Although peripheral and central kynurenines have not been compared directly yet in schizophrenic patients, a recent meta-analysis showed that schizophrenia is associated with lower plasma KYN levels but higher CSF KYN and KA (72), which may suggest that peripheral and central KYN are not necessarily correlated in psychotic illness.

However, with only 4 psychiatric studies available, the currently available data do not allow calculation of quantitative meta-analytic summary statistics.

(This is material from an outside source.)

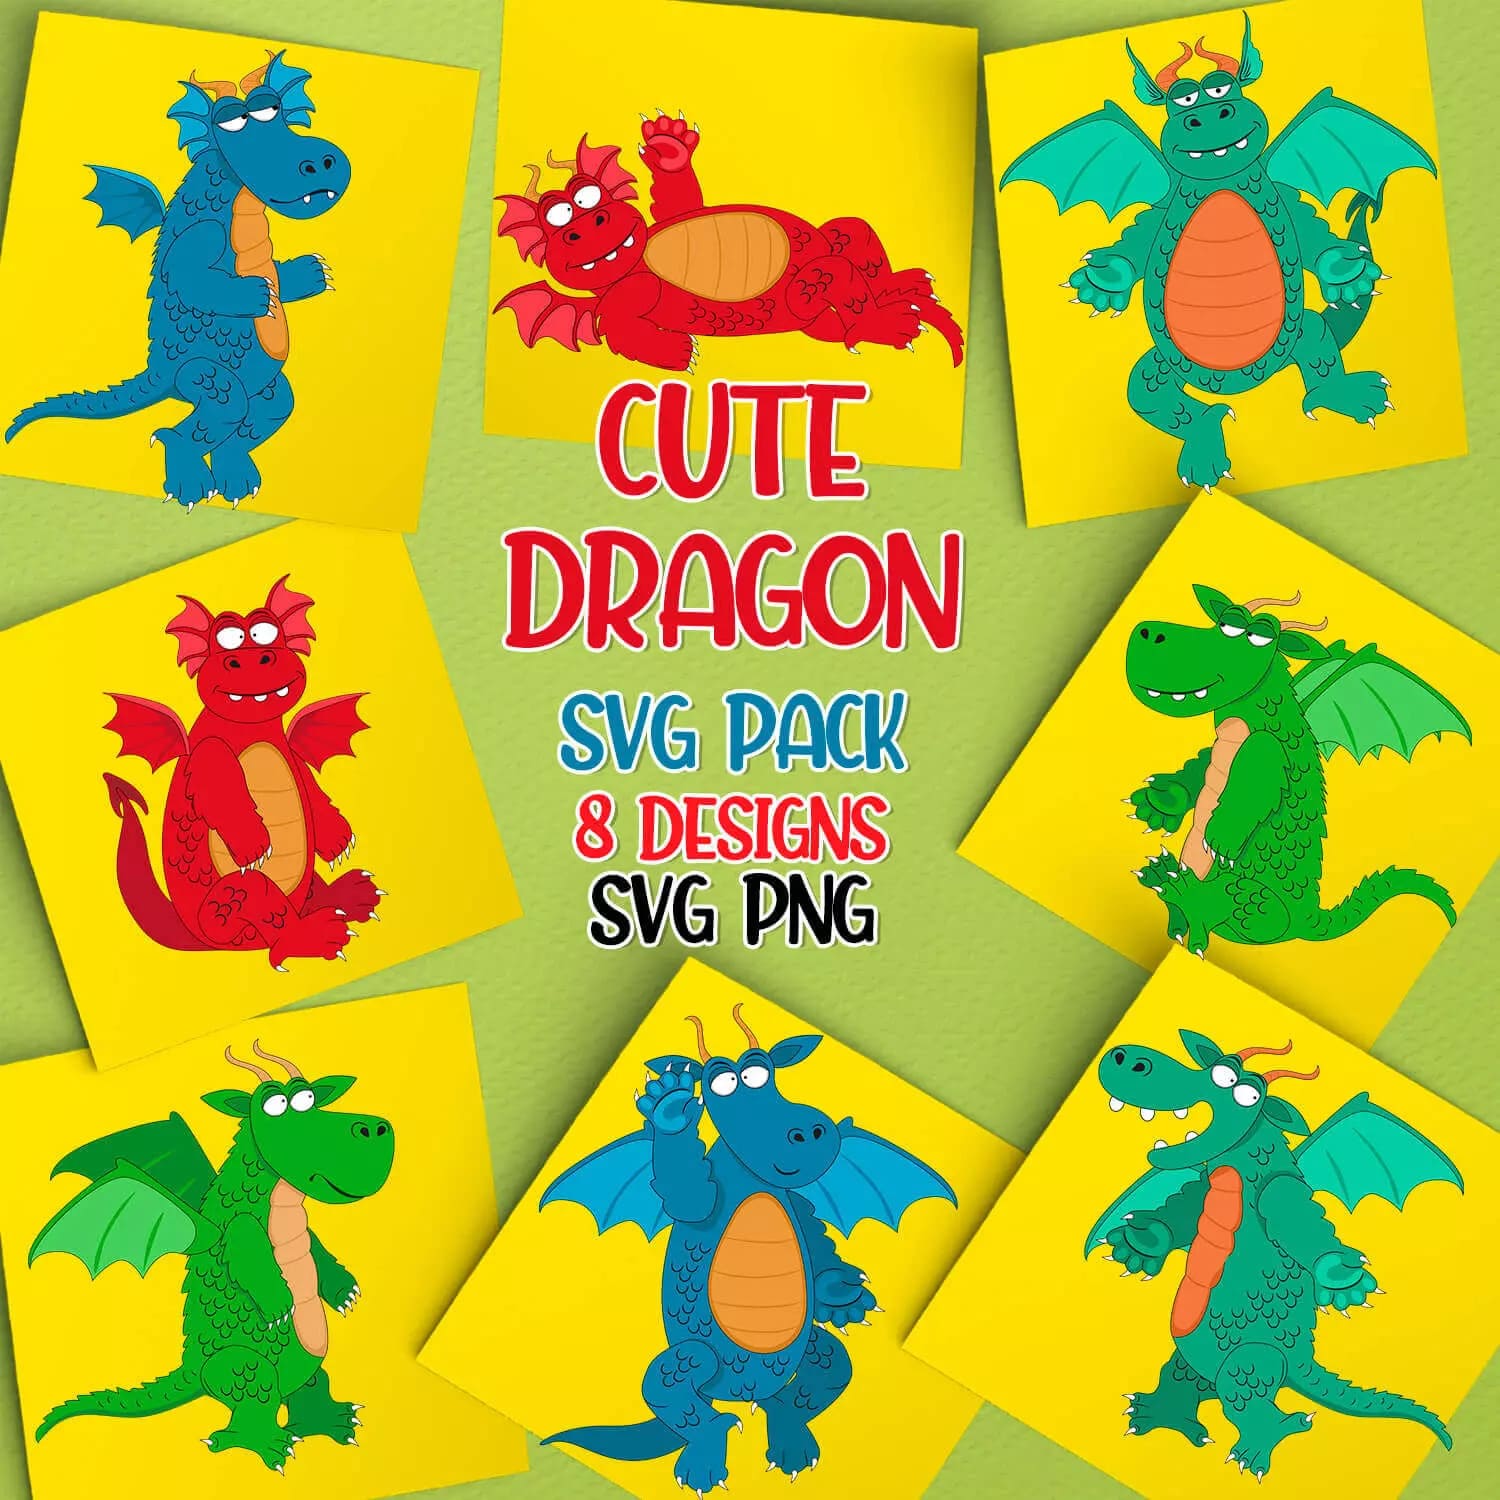 Cut dragon svg pack and designs.

3.3 Non-Psychiatric Research

Similar to animal studies and in MDD, both total and free TRP correlation mostly show discordance in studies with healthy participants. Peripheral and central levels of kynurenine metabolites were compared in healthy participants (n=27) either after an intense physical activity or after a 4-week training program. At baseline, PICO levels were strongly correlated between plasma and CSF (r=.93; n=27; p<.0001), whereas a weak correlation was seen for the other kynurenine metabolites. After exercise, however, discordance ensued for KYN (r=-.22; NS), QUINO (r=-.09; NS) and KYNA (r=-.05; NS) (61).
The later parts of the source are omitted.